Il est essentiellement financier. En Hongrie, le cout de la main d’œuvre est 70 % moins cher qu’en France selon une étude de l’Insee. Dans la plupart des directions Fonctions Supports, si un recrutement est accepté, il doit se faire obligatoirement en Hongrie ou en Inde. Deux pays qui sont loin d’être exemplaires en matière de respect des droits de l’homme. La Hongrie a été pointée du doigt pour ses positions sur la communauté LGBT+ et plus généralement sur le respect des valeurs européennes. Quant à l’Inde, ce pays se classe 135e sur 146 pour l’index égalité hommes-femmes, sans oublier que le droit du travail y est très loin des normes européennes avec notamment des semaines de 48 heures de travail et un salaire 75 % moins élevé qu’en France.

"La présence de la CFE-CGC n’a jamais été aussi utile et nécessaire pour défendre les droits et la santé des salariés"

Hormis les suppressions d’emplois directs, quelles sont les conséquences sur le management ?

En plus d’être mis en concurrence avec des pays qui n’ont pas les mêmes valeurs éthiques ni les mêmes normes, les salariés européens vivent dans une insécurité permanente crée par la direction : une année ils peuvent occuper un métier sensible, l’année suivante la direction peut juger que ce métier est redevenu stable ou en tension et ce, sans aucune justification.
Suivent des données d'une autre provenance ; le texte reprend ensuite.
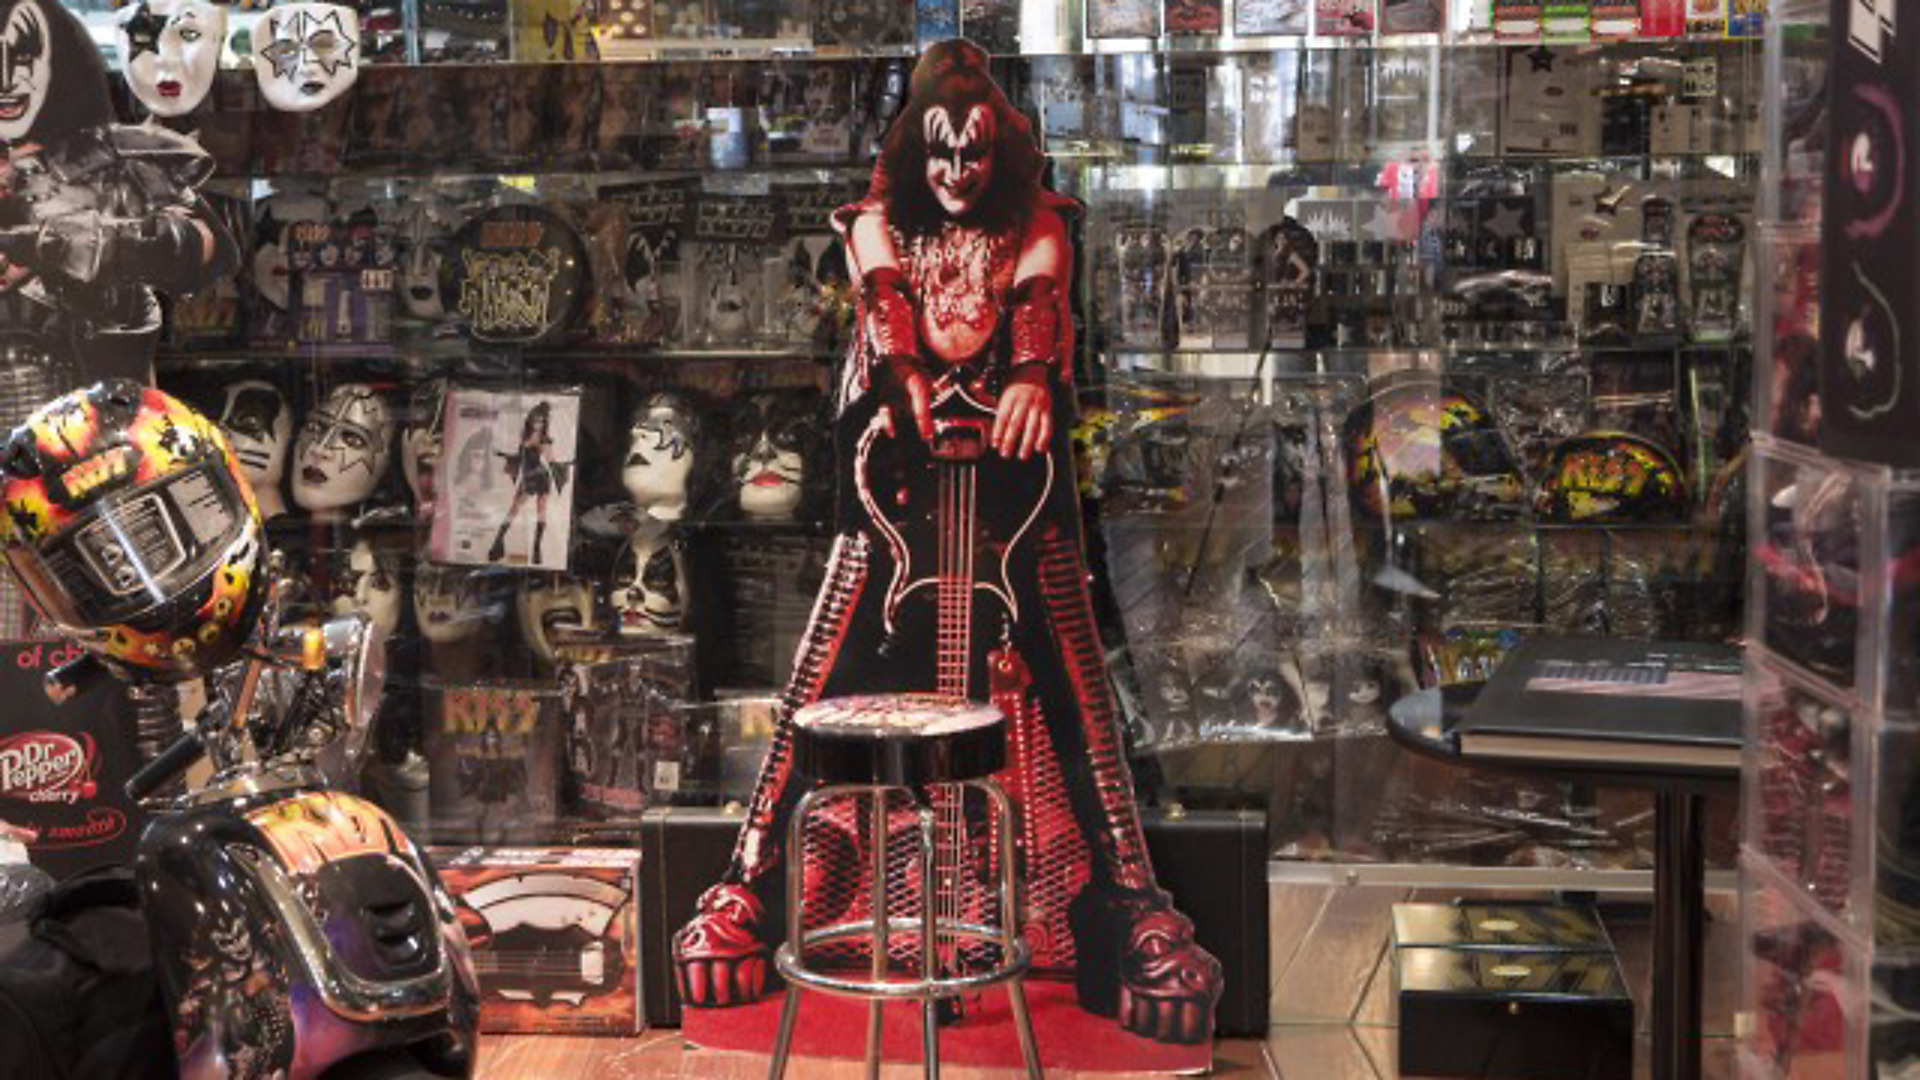 The rock band Kiss' wide reaching merchandising is on display in Gene Simmons' office in his Beverly Hills home, which he shares with his wife Shannon Tweed, as seen on HGTV Celebrities at Home. Simmons, a producer, entrepreneur and actor is the bassist and singer-songwriter of the rock band Kiss, which has sold over 100 millions albums.

La majorité des plus de 55 ans attendent avec impatience d’être éligibles à un départ en congé de fin de carrière (CFC). Pour les autres, une partie arrive à tirer son épingle du jeu, mais les plus fragiles ou les moins chanceux se demandent combien de temps ils vont pouvoir tenir sans tomber malades.

Comment intervient la gestion des emplois et des parcours professionnels (GEPP) dans ce contexte ?

Il est prévu plus de 400 mobilités en France d’ici 2026 mais pour faire quoi et pour aller où ? La GEPP repose sur le volontariat, donc hors de question de pousser les salariés à prendre des postes dans des bassins d’emploi en Hongrie ou en Inde. Les équipes People & Culture se retrouvent face à un défi gigantesque et avec des effectifs de plus en plus réduits pour accompagner les collaborateurs. Malgré les investissements annoncés, nos emplois n’ont jamais été autant menacés en France et la présence de la CFE-CGC n’a jamais été aussi utile et nécessaire pour défendre les droits et la santé des salariés. Nous sommes engagés tous les jours sur le terrain pour défendre les intérêts de tous les salariés en France.